I can just picture myself with his friends after a nice lunch in the pub, throwing myself about and moaning, "Not THAT lecture again. Let's get on with the plot." All I got out of the lecture were the many ways ice and frozen blood could be used to kill someone who is supposedly alone in a sealed room.
Plus if you ask me, the murders in this book were cheats done with smoke (actually snow) and mirrors, and a clock that only the lumbering Dr. Fell had the brains to notice was incorrectly set. However, I don't read this author for his intricate murder set-ups. I read his books for their wonderfully ominous atmosphere. Here Carr does not disappoint. In "The Three Coffins," three brothers, jailed in Transylvania for bank robbery fake their deaths during an outbreak of the plague and are buried alive. The one with the shovel in his coffin digs his way to freedom, then leaves his brothers in their graves and runs off alone with the hidden bank loot.
Let's just say that the two brothers who are left behind play important roles in the murder and counter-murder many years later in London. I don't want to give away the plot, gimmicky though it is. Read "The Three Coffins" for a few good shudders.
In "The Crooked Hinge" all of the characters act suspiciously, including the true and false heir to the extensive Farnleigh estate (and the title that goes with it), their two lawyers, the butler, Lady Farnleigh, and assorted family friends. The reader has many reasons to suspect each character in turn after the murder (or was it suicide?) of one of the two competing heirs. The only person who might be able to tell whether the true John Farnleigh died or still lives is his tutor, Murray who happens to have taken a thumb-o-graph of young John before he was sent away to America to live with a distant relative.

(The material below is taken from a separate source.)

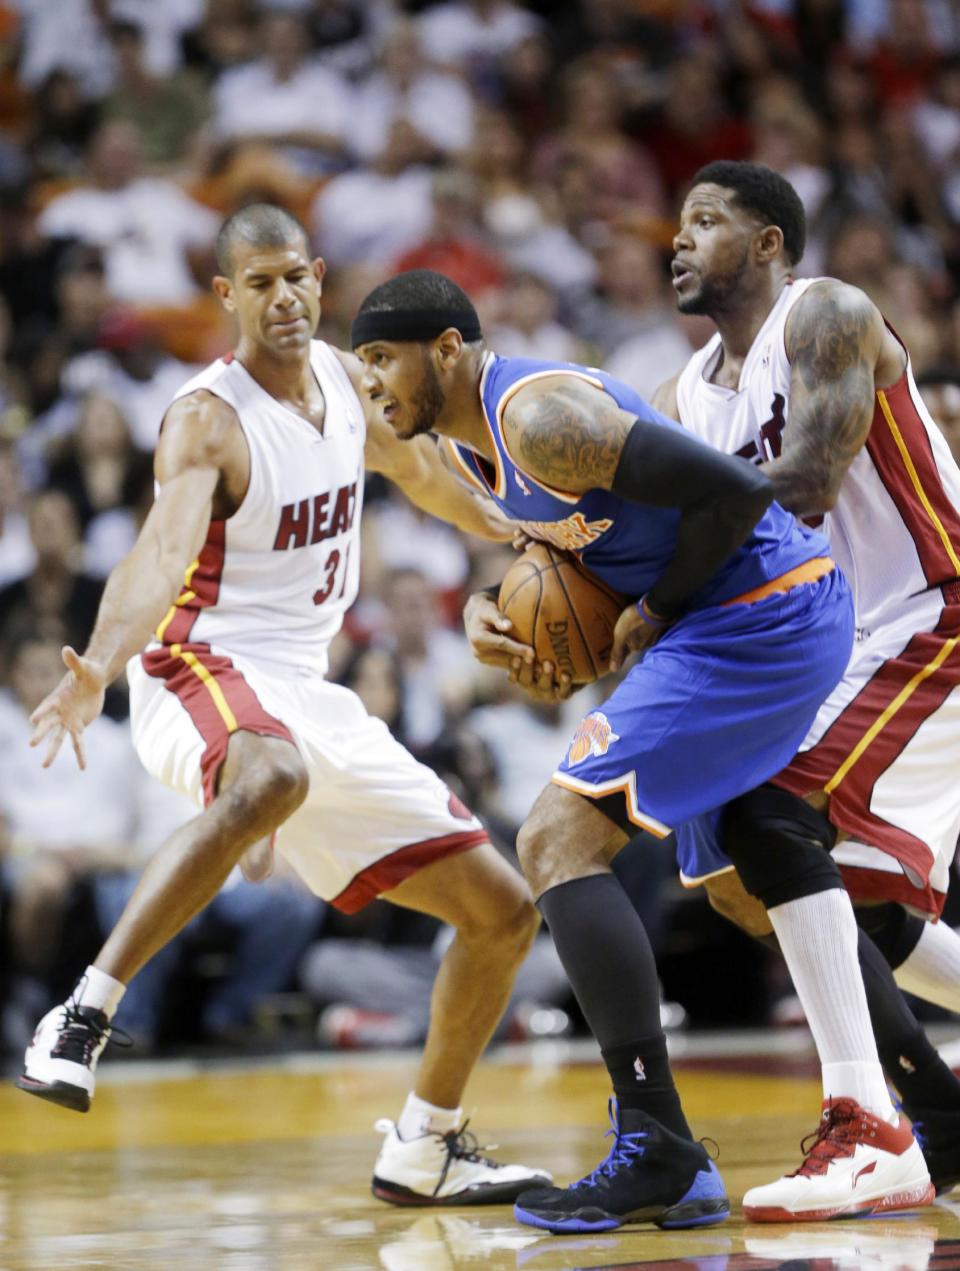 New York Knicks forward Carmelo Anthony, center, is fouled by Miami Heat forward Udonis Haslem, right, as forward Shane Battier, left, defends during the first half of an NBA basketball game, Sunday, April 6, 2014, in Miami. (AP Photo/Wilfredo Lee)

John wasn't the heir, but the black sheep of the family when he was packed off to Colorado via the spanking, new ocean liner, 'Titanic.' He was thought to have died when his ship sank on her maiden voyage, but after his older brother dies without issue, not one but two John Farnleighs show up within a year of each other to claim the family estate and title. The first one to appear marries John's childhood sweetheart and settles down to manage Farnleigh.
Then up pops John Farnleigh #2, one of the competing heirs dies, and someone steals Murray's thumb-o-graph. The reader is beset with conflicting stories and clues, when Dr. Fell finally lumbers onto the scene with his shovel-hat, swirling cape, and crutch-headed cane. He figures out who killed whom right away, but the reader is left grasping at hints (some of them pretty darn subtle - I think Carr cheats a little on this mystery) until the final denouement, which involves that fateful night when the 'Titanic' went down.

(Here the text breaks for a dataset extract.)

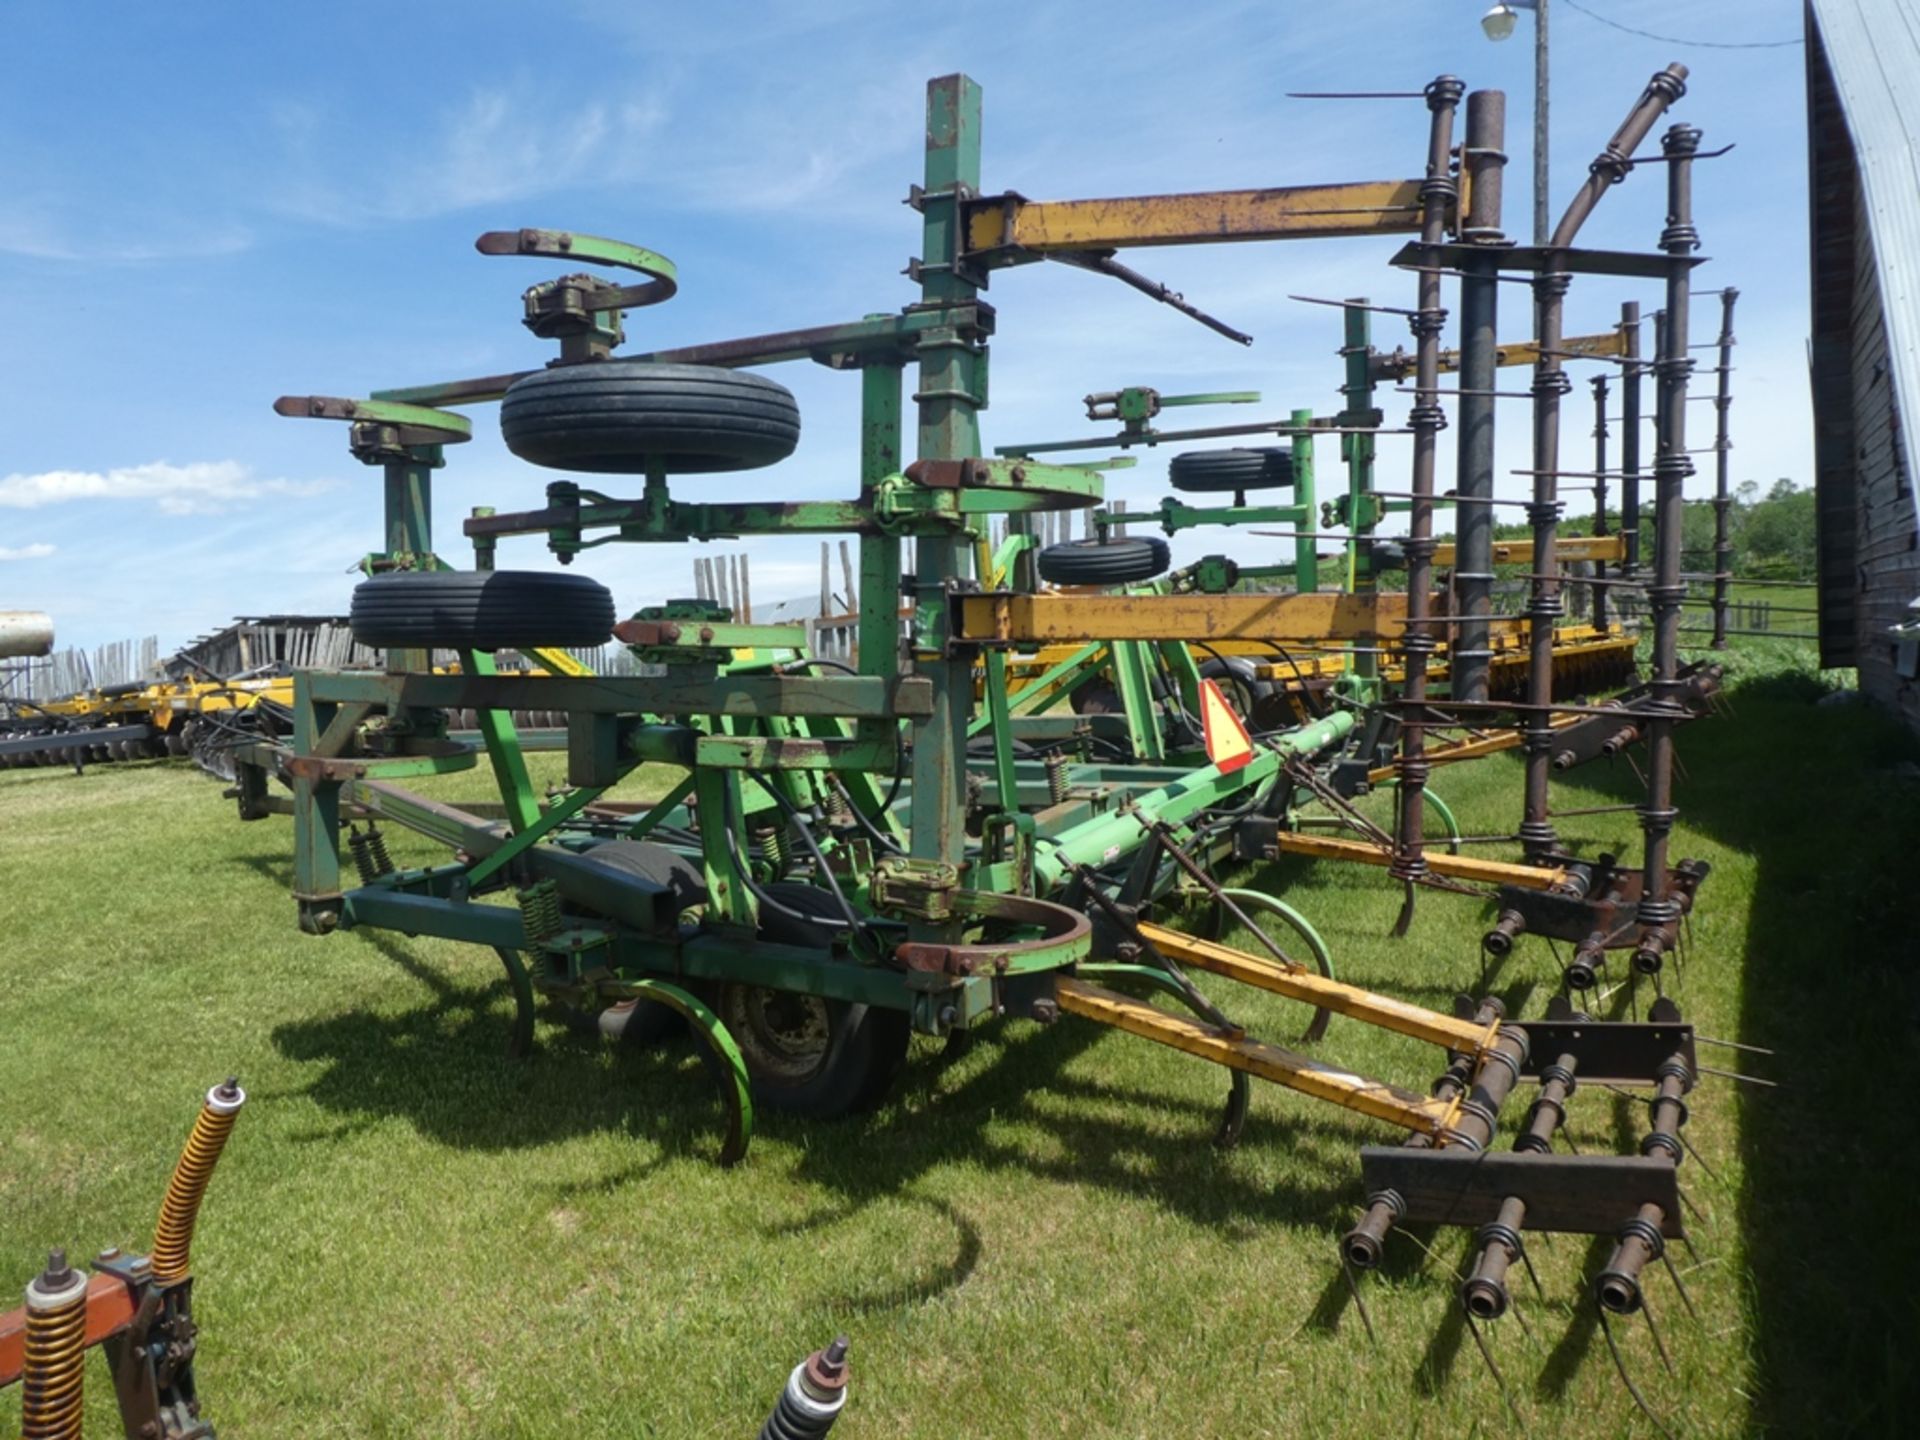 CCIL 807 DT CULTIVATOR-28' W/MOUNTED HARROWS S/N 27411 - Image 3 of 3

"The Case of the Constant Suicides" (1941) is a fun read and one of the author's more interesting mysteries--three men die and the reader must determine who committed suicide and who was murdered. This book is very much of a howdunit as well as a whodunit. The humungous Dr. Gideon Fell, galumphs into view about a third of the way through, after one man is already mysteriously deceased. Old Angus Campbell meets his end after plunging out of the window of his locked tower bedroom. The door has to be broken down in order for the deceased man's bedroom to be examined. The only unusual object in the tower room is an empty animal carrier, its wire-mesh door tightly shut.

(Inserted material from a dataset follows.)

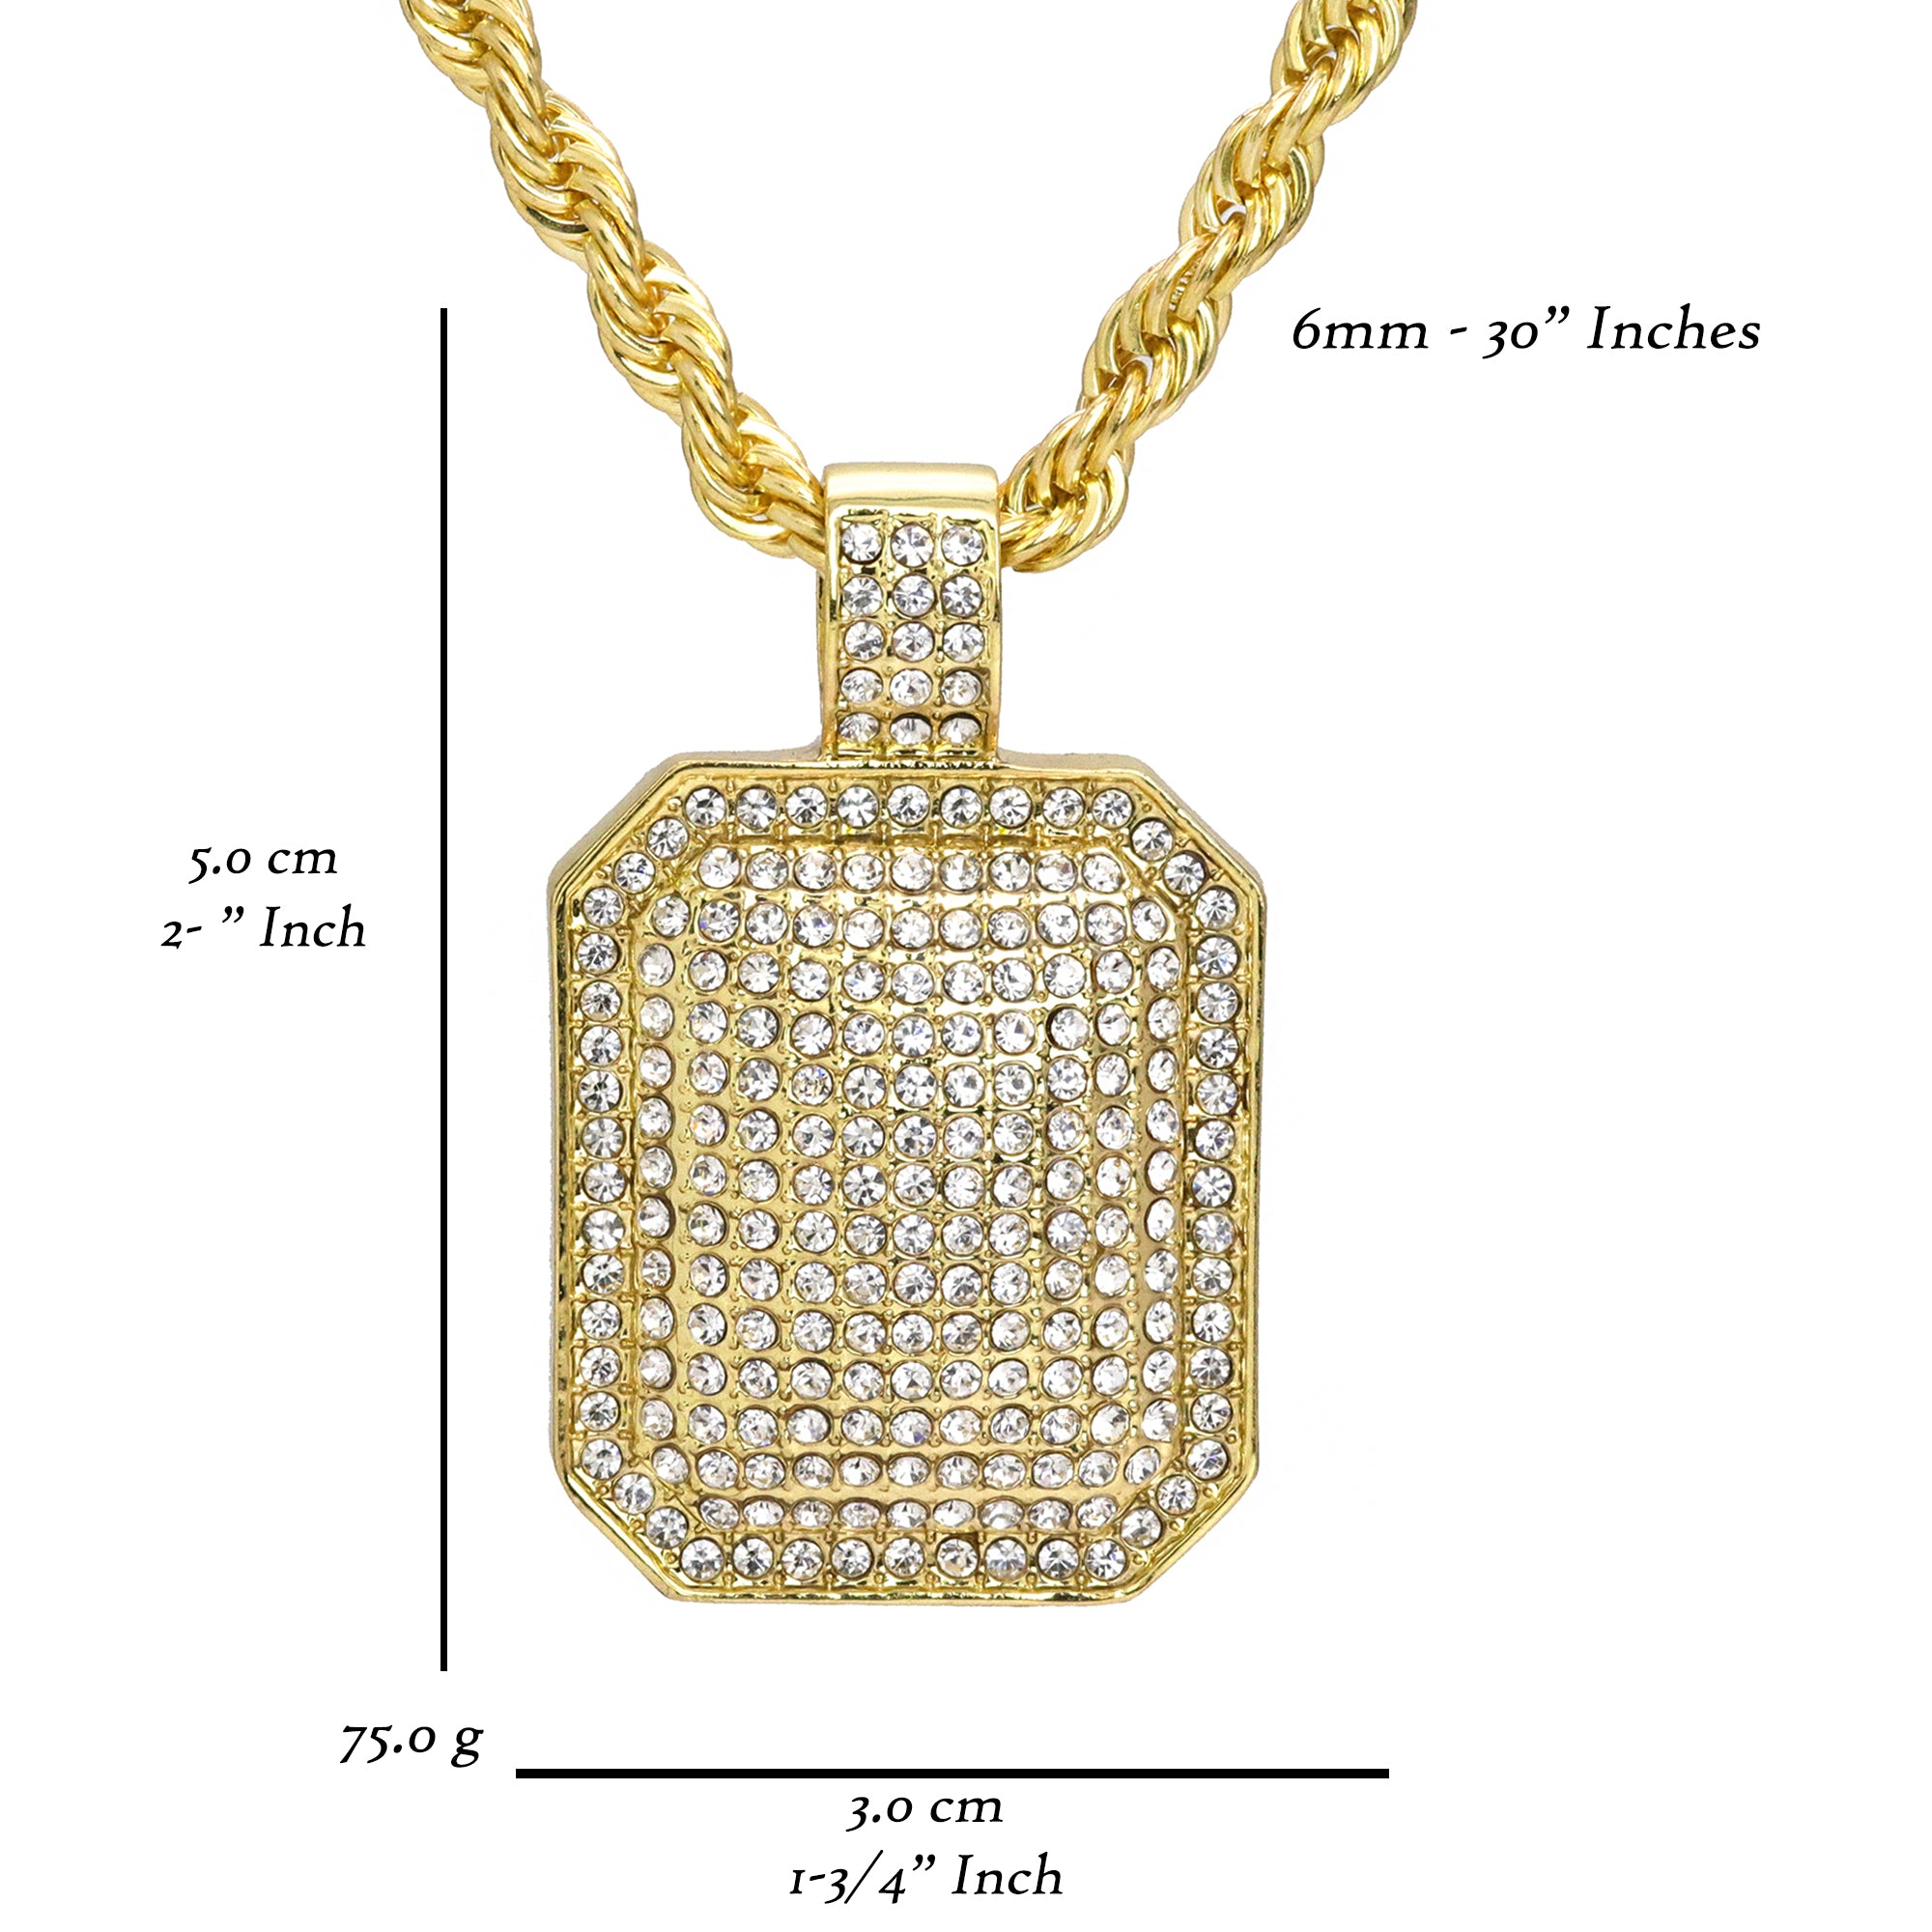 Fully Cz Dog Tag Pendant 30" Rope Chain Hip Hop Style 18k Gold Plated

John Dickson Carr takes a turn to heavy-handed humor in "The Case of the Constant Suicides." Most of the roistering is caused by a malt whiskey called 'the Doom of the Campbells.' A pesky American newspaperman is drenched, shot at, and hunted from the castle grounds whenever the Doom is flowing through the inhabitants of the castle. This isn't my favorite Gideon Fell mystery, but it was fun to read--more smiles than frissons of terror.